Research

New Building Opens Door to Discovery

Posted on Sep 20, 2018

 

From certain angles, the windows of the new Johns Hopkins All Children’s Research and Education Building reflect both the hospital and the Outpatient Care Center, capturing the inclusive and collaborative nature the structure is designed to promote.

The $95 million, 225,000-square-foot building was publicly unveiled during a ribbon cutting ceremony Thursday on the hospital’s campus in St. Petersburg, Florida. The ceremony drew more than 700 people from the hospital staff and the community and featured St. Petersburg Mayor Rick Kriseman; Dean Paul Rothman, M.D., the CEO of Johns Hopkins Medicine; Kevin Sowers, president of the Johns Hopkins Health System; Jonathan Ellen, M.D., president and vice dean of Johns Hopkins All Children’s Hospital, and other dignitaries. Many community and staff members were able to tour the building before or after the ceremony.

Ribbon cutting for the Research and Education building

"It's more than a building," Ellen says "This is a vision brought to life by a community that we believe can change the world."

The Research and Education Building houses the hospital’s institutes, its graduate medical education and simulation programs, an expanded biorepository and a new team of fundamental scientists who will seek to understand the origins of diseases and how to prevent them.

“The capabilities we are creating in this building—and, more important, the world-class physicians, surgeons, researchers and staff who will work there—will help us achieve the mission we set out to do,” Ellen says, “which is to lead the country in discovery and translational research that can lead to better health for children.”

Rothman says it all started with an integration of the hospital into Johns Hopkins Medicine in 2011.

“I think back to the vision of the board of trustees of All Children’s Hospital,” he says. “About 10 years ago, they decided they wanted to make All Children’s one of the top academic children’s hospitals in the country. That was a bold vision to think about what was possible.”

The architecture includes “forum stairs” designed for sitting and chatting, The Peabody restaurant intended to promote informal exchanges of ideas and other flexible and collaborative areas to facilitate interaction. (The Peabody, which shares ownership with Tampa’s Oxford Exchange, will open to the public on Friday.)

Skanska construction team helps celebrate the opening with dancing.

“We designed the center of the building to be collaborative space where people can meet, write on white boards on the walls and really work together,” Ellen says. “We were quite intentional about wanting to promote getting out of your office and interacting with colleagues.”

The Office of Medical Education will have additional space to accommodate its expanding programs. Johns Hopkins All Children’s has residency programs with both the Johns Hopkins University School of Medicine and the USF Health Morsani College of Medicine along with a growing number of fellowships.

Jennifer Arnold, M.D., M.Sc., FAAP, joined as medical director of the simulation program in 2017 and designed the building’s expansive Center for Medical Simulation and Innovative Education, which has spaces to replicate operating rooms, patient rooms and even an elevator.

The hospital’s research program anchors multicenter clinical and translational studies such as KIDS-DOTT, which focuses on thrombosis, and Prospective Research on Early Determinants of Illness and Children's health Trajectories (PREDICT).

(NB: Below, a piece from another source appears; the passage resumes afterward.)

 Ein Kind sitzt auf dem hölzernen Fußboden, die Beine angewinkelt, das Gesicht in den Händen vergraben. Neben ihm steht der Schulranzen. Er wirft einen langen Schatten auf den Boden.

With the new building, Johns Hopkins All Children’s added a group of top-level basic scientists who are members of or affiliated with the new Institute for Fundamental Biomedical Research.

The building includes 40,000 square feet of total lab space with 27,000 devoted to wet labs. The bench space in labs is flexible to enable reallocation of space as priorities change.

“The Research and Education Building brings scientists and clinicians together to solve problems,” Ellen says. “In the not-too-distant future, when we fully understand these relationships between the genes and the environment, we believe pediatricians will have a whole new repertoire of things they can do to prevent diseases in children and adults.”